Posted by linkadge on September 21, 2010, at 18:54:58
In reply to Re: Suicidal thoughts and Prozac » linkadge, posted by Deneb on September 19, 2010, at 14:56:40
>I'm on two SSRI's, 60mg Prozac and 20mg Celexa >as well as 0.75mg Risperdal and I love life! >Life is fun and magical for me and I want to >life to be 120 years old.
Good luck getting to 120 on those medications.
Posted by linkadge on September 21, 2010, at 18:59:32
In reply to Re: Suicidal thoughts and Prozac » Deneb, posted by twinleaf on September 19, 2010, at 16:14:43
>It's wonderful that they are doing exactly what >they are supposed to do, for you, and aren't >doing any of the negative things.
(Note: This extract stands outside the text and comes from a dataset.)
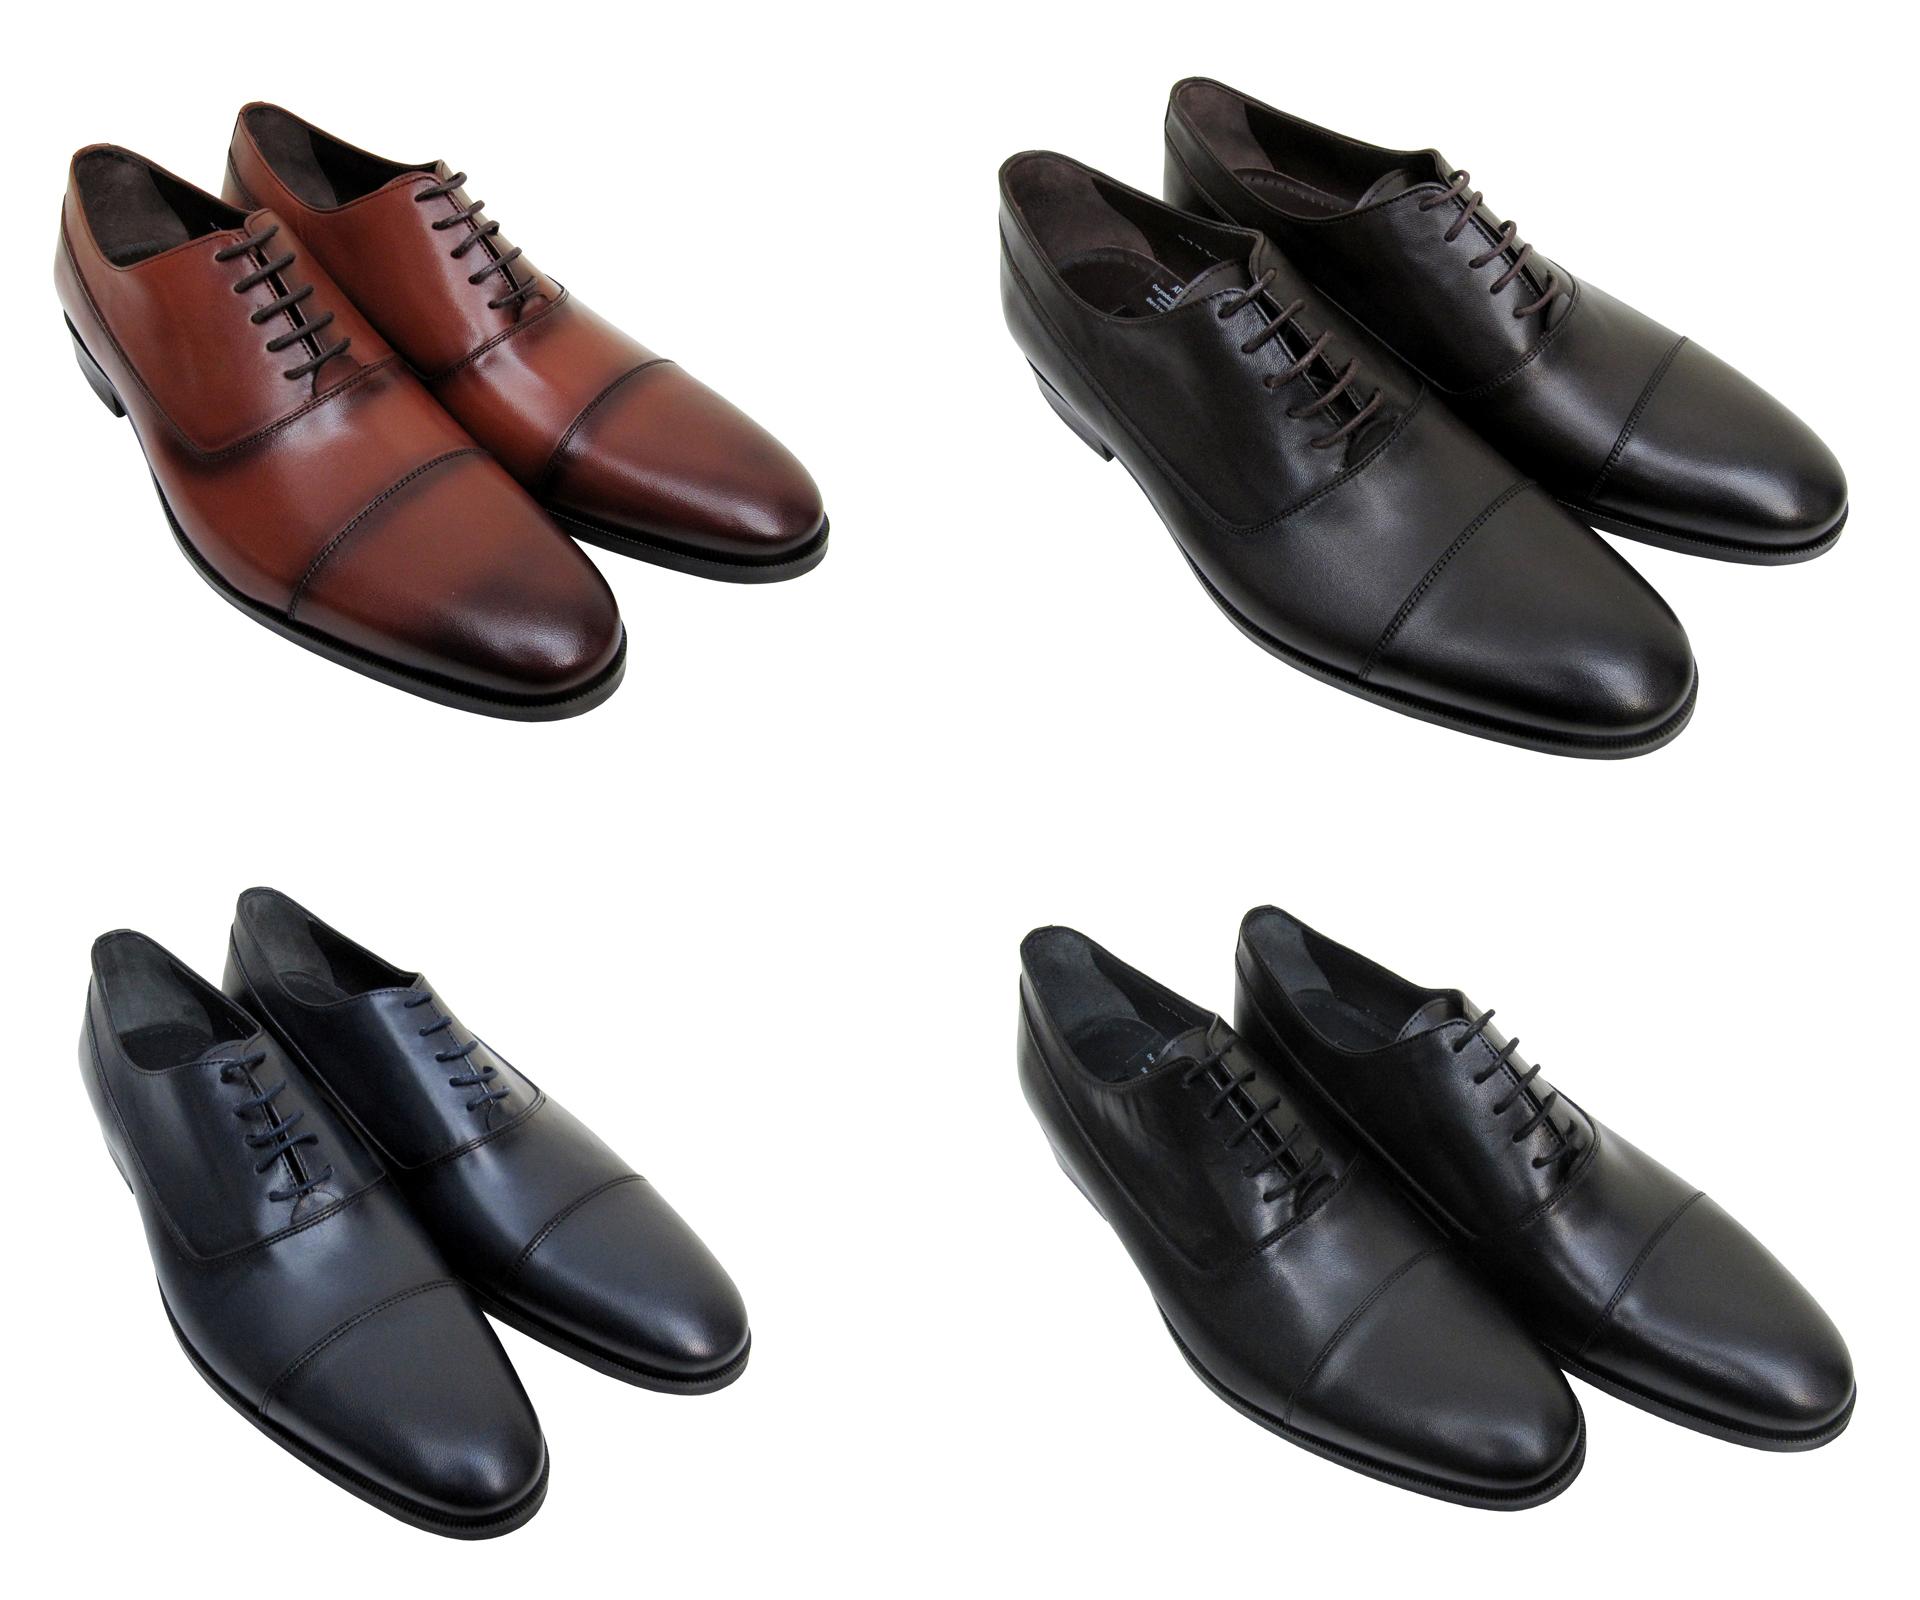 a38f79a9537b93 Elegante Herren Schuhe für viele Anlässe Schwarz
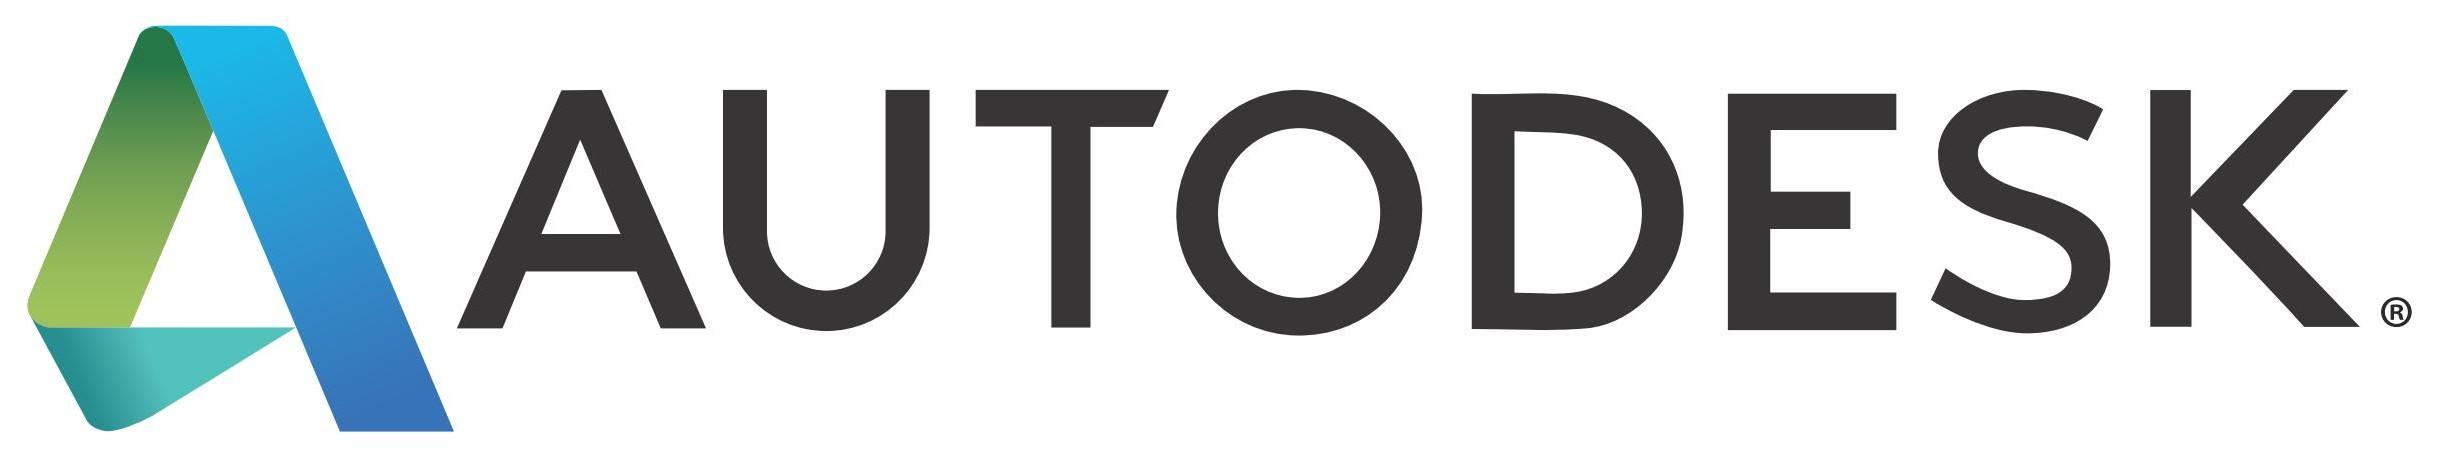 Autodesk Logo Vector PNG - 112014

Aren't doing any negative things...that you are aware of. I have heard many complaints from deneb about vartious side effects from these medications (i.e. along the lines of twiching and tremor etc) And what do you mean by "supposed to". The drug is just some molecule that was discovered to have certain properties. Its not "supposed" to do anything.
You've got to beware of some patients love hate relationship with medications. Some adore their medications one minute and hate them the next. So, I take everything with a grain of salt around here.
Linkadge
Posted by linkadge on September 21, 2010, at 19:02:51
In reply to Re: suicidality exhaustion... TRIGGER » Dinah, posted by ed_uk2010 on September 19, 2010, at 16:37:43
>I guess you could say that OCPD traits can >sometimes be beneficial; OCD is always harmful.
I'm sorry, but I don't see as much difference between the two. Even if OCPD is ego syntonic, doesn't this indicate a more advanced stage of the illness?
Its just like alcoholism can be ego syntonic, or ego dystonic. Those for whom it is ego syntonic are just in denial. Its still alcoholism.
Linkadge
Posted by linkadge on September 21, 2010, at 19:11:07
In reply to Re: dystonic/syntonic? » Dinah, posted by floatingbridge on September 21, 2010, at 10:35:54
Some people get better on medications, but not because of medications. Unfortunately, the double blind placebo controled study is the only way to guage what effect is due to placebo or natural recovery.
Some people (with cycling disorders) make their meds look so great when they are up. Never take medication advice from a hypomanic bipolar.